Friday, June 24, 2011

Bill O’Reilly Likes Glee

No joke.  In his latest column, Fox News host and commentator Bill O’Reilly spoke very highly of the show Glee. 

From the column –
But there is an important social upside to the show. Gays, physically challenged people, and overweight kids are all put in a positive light compatible with the show's liberal tone.


The trendiness that Glee embraces on the tube doesn't much bother me, and I like the fact that chubby performers are often front and center. Also, the kid in the wheelchair sings great, and his presence sends an anti-stigma message as well. So, there is much good in the program.
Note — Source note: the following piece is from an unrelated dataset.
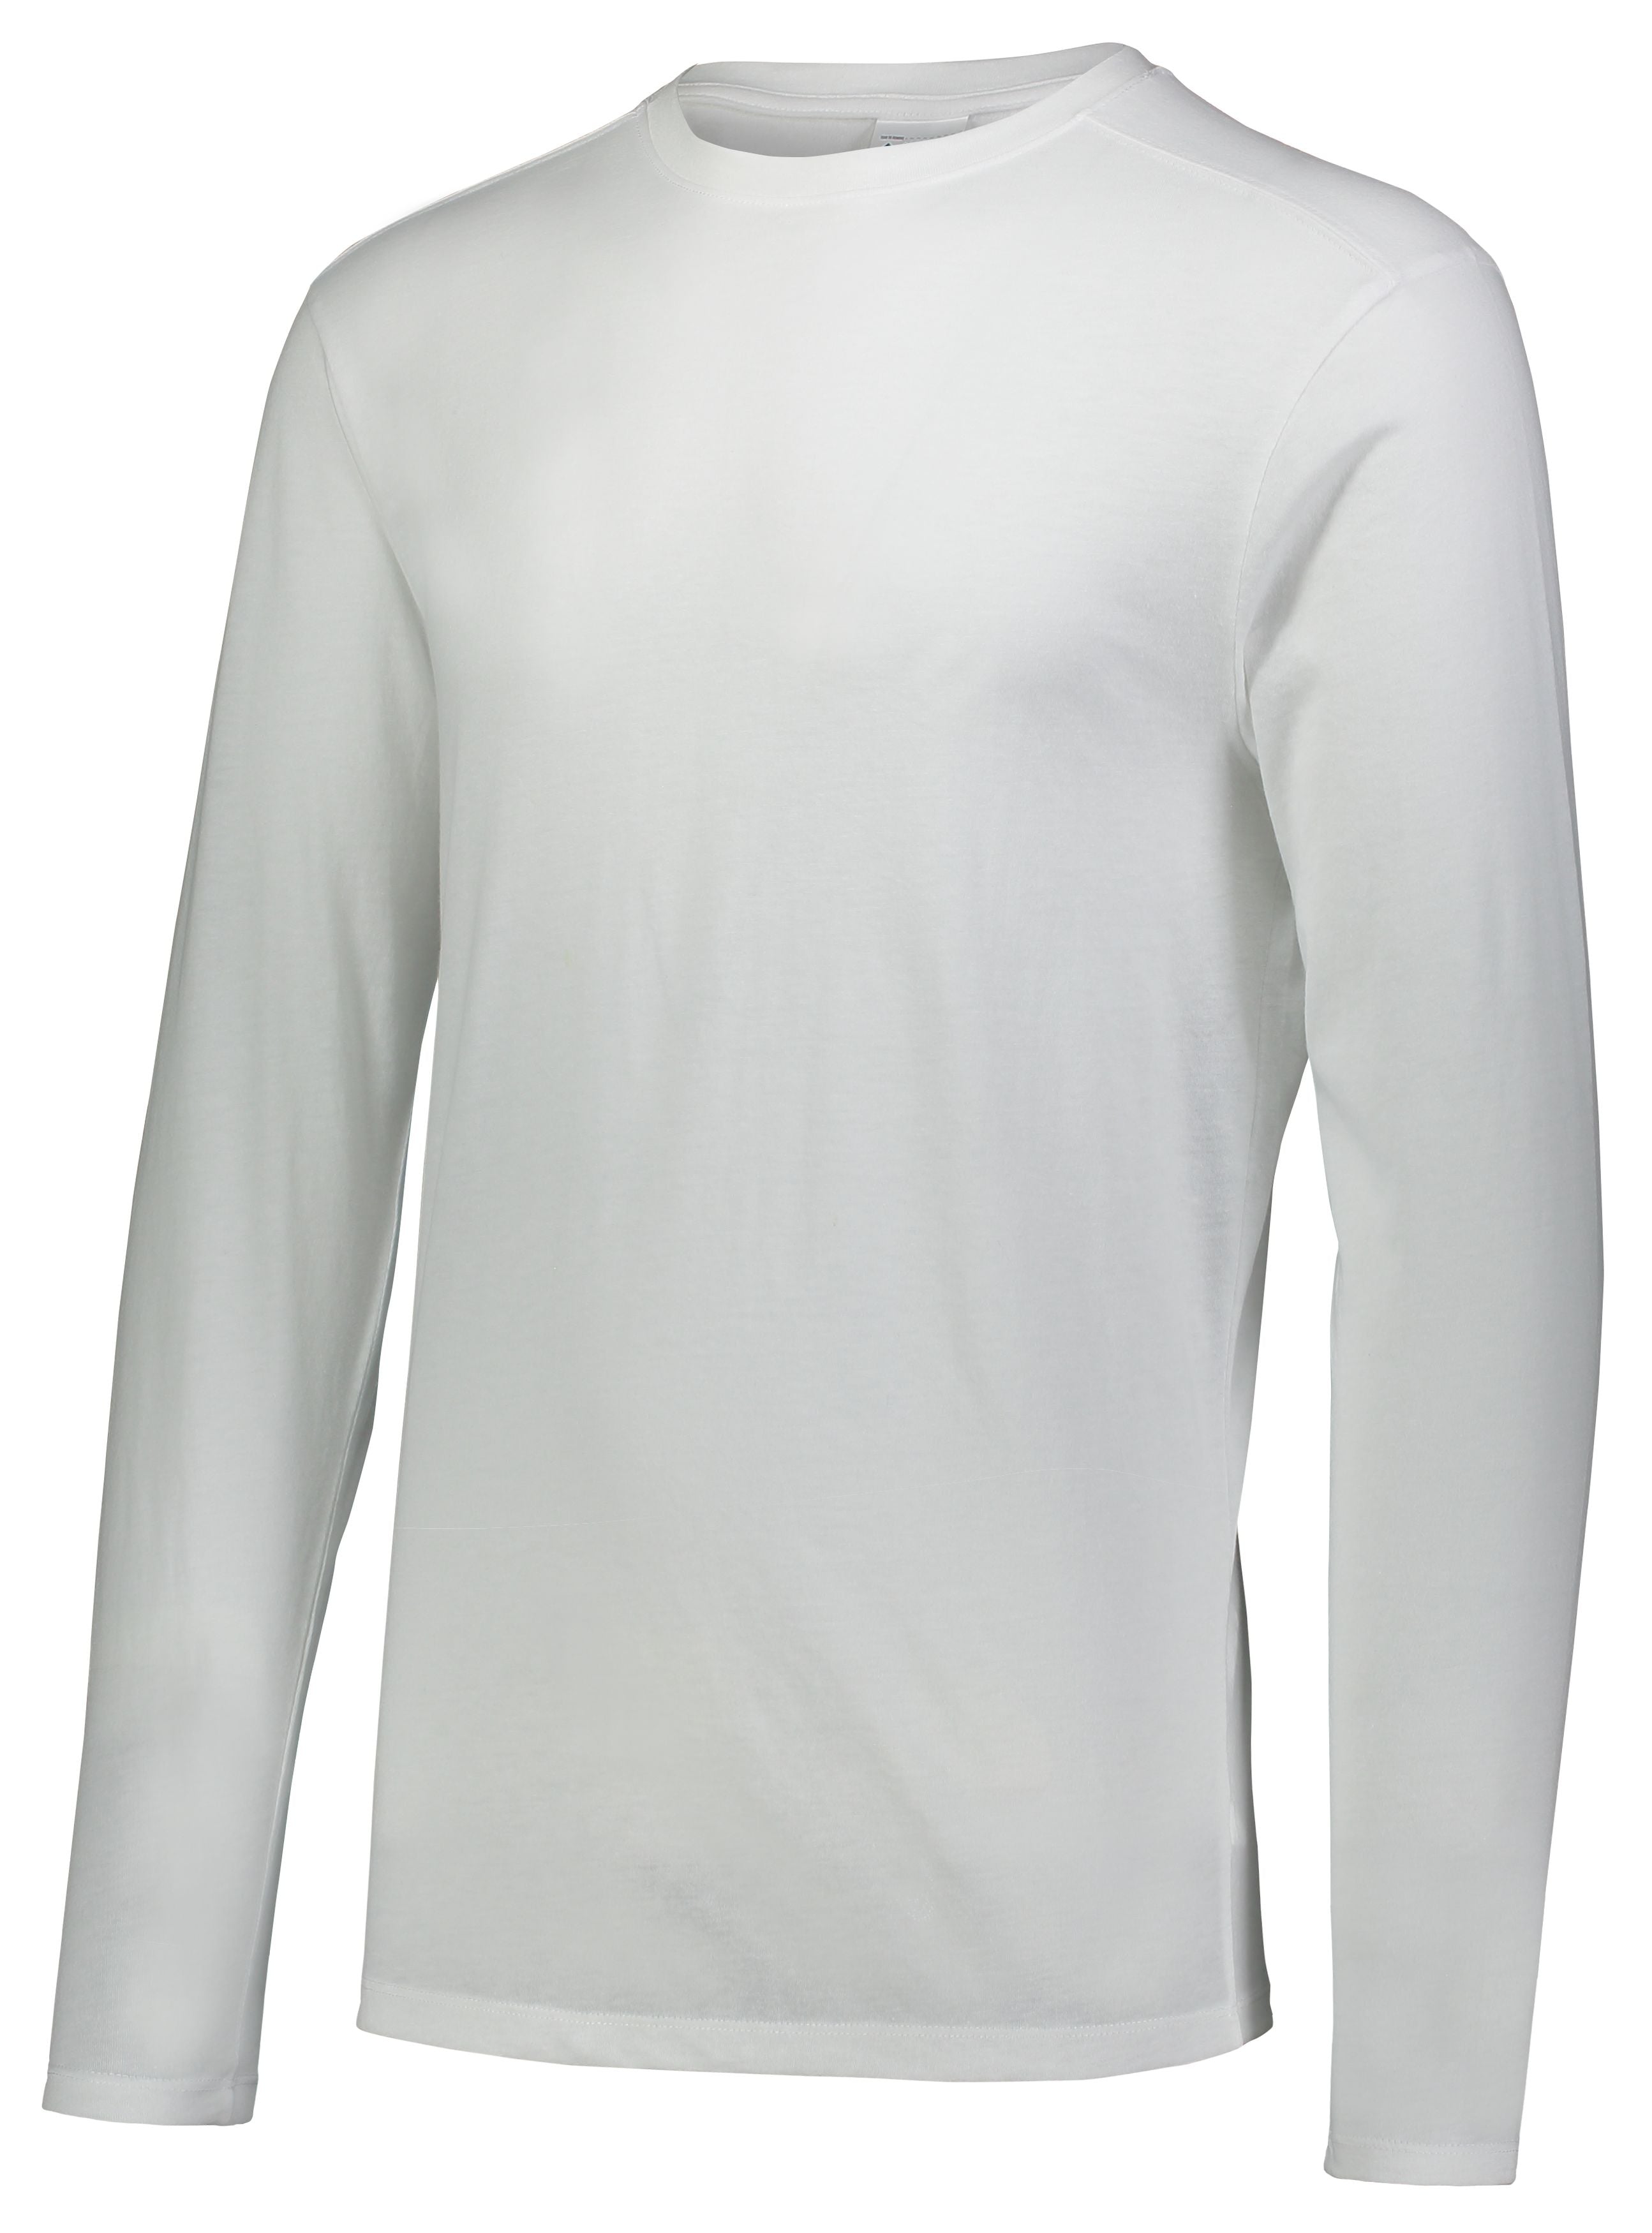 Augusta Sportswear Tri-Blend Long Sleeve Crew in White  -Part of the Adult, Augusta-Products, Shirts product lines at KanaleyCreations.com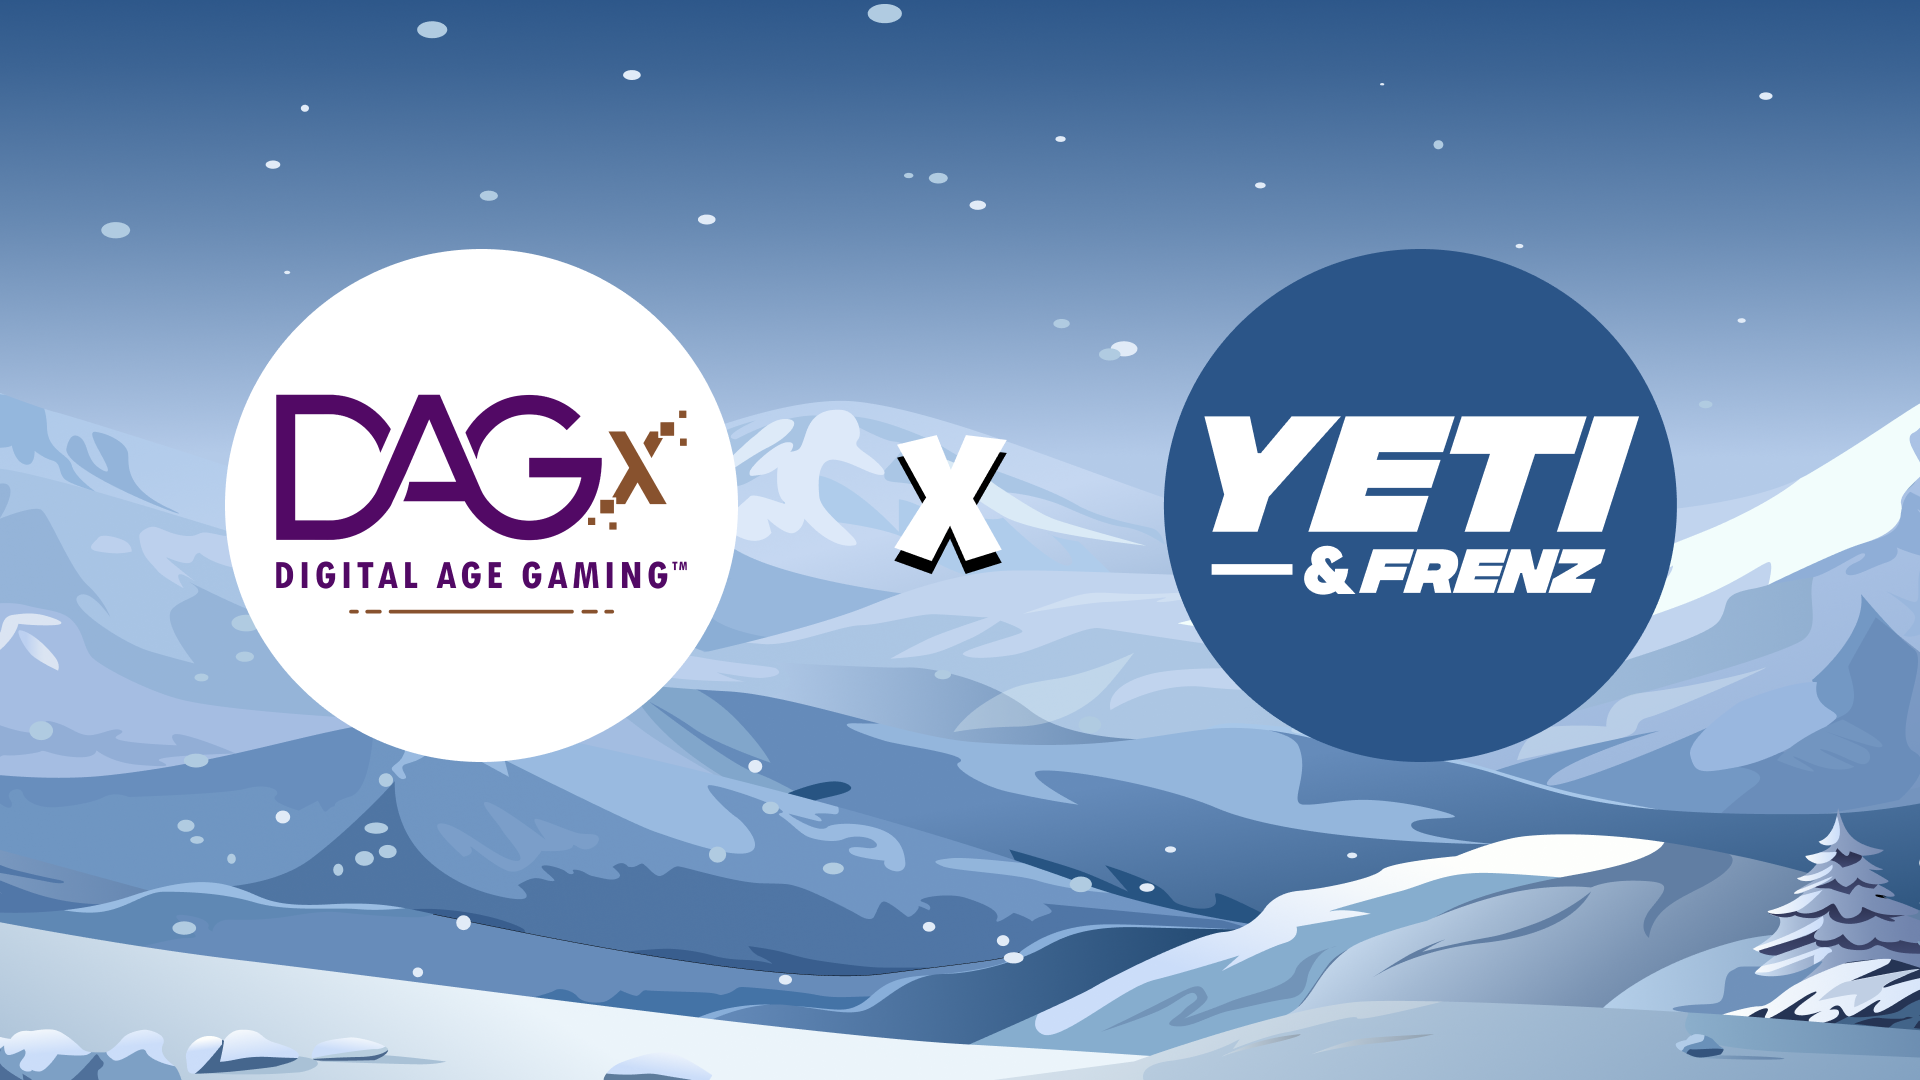 New Partnership: DAGx and Yeti & Frenz Join Forces

At this point in America, young people are being barraged with tattooed vulgarians who dominate the rock and reality show world. The kids see anti-social behavior, hear poor grammar, and understand that crude conduct is often rewarded with fame and fortune. You don't have to go to the Jersey Shore; just arrive at your local beach or pool this summer, and you'll see young boys and girls with body ink and piercings all over the place. Do these children not have parents? Are their no mirrors in their homes?

The Glee crew is basically clean cut, and do you know what? It's refreshing. That's right, it's nice to see some young Americans on stage who don't look like living dead zombies or Charles Manson. I'm not asking for a comeback from the Kingston Trio or an Up With People convention, I'm just promoting equal time as far as grooming is concerned.

Also, the PC stuff on Glee is in context. It doesn't slap you in the face, like the faux trendy garbage you see on the nightly news, for example.


Yeah, it's positively gleeful. And I'm happy about it.
This positive review is in stark contrast to O’Reilly’s Fox News cohort Glen Beck’s reaction to the show. 

I love Glee and think that it sends some extremely positive messages to today’s youth.  I’m glad that O’Reilly was able to see that too. 

And for the record I have no problems with tattoos and whatnot.  I prefer to base my opinions on the behavior and conduct of others and not on how they look or dress.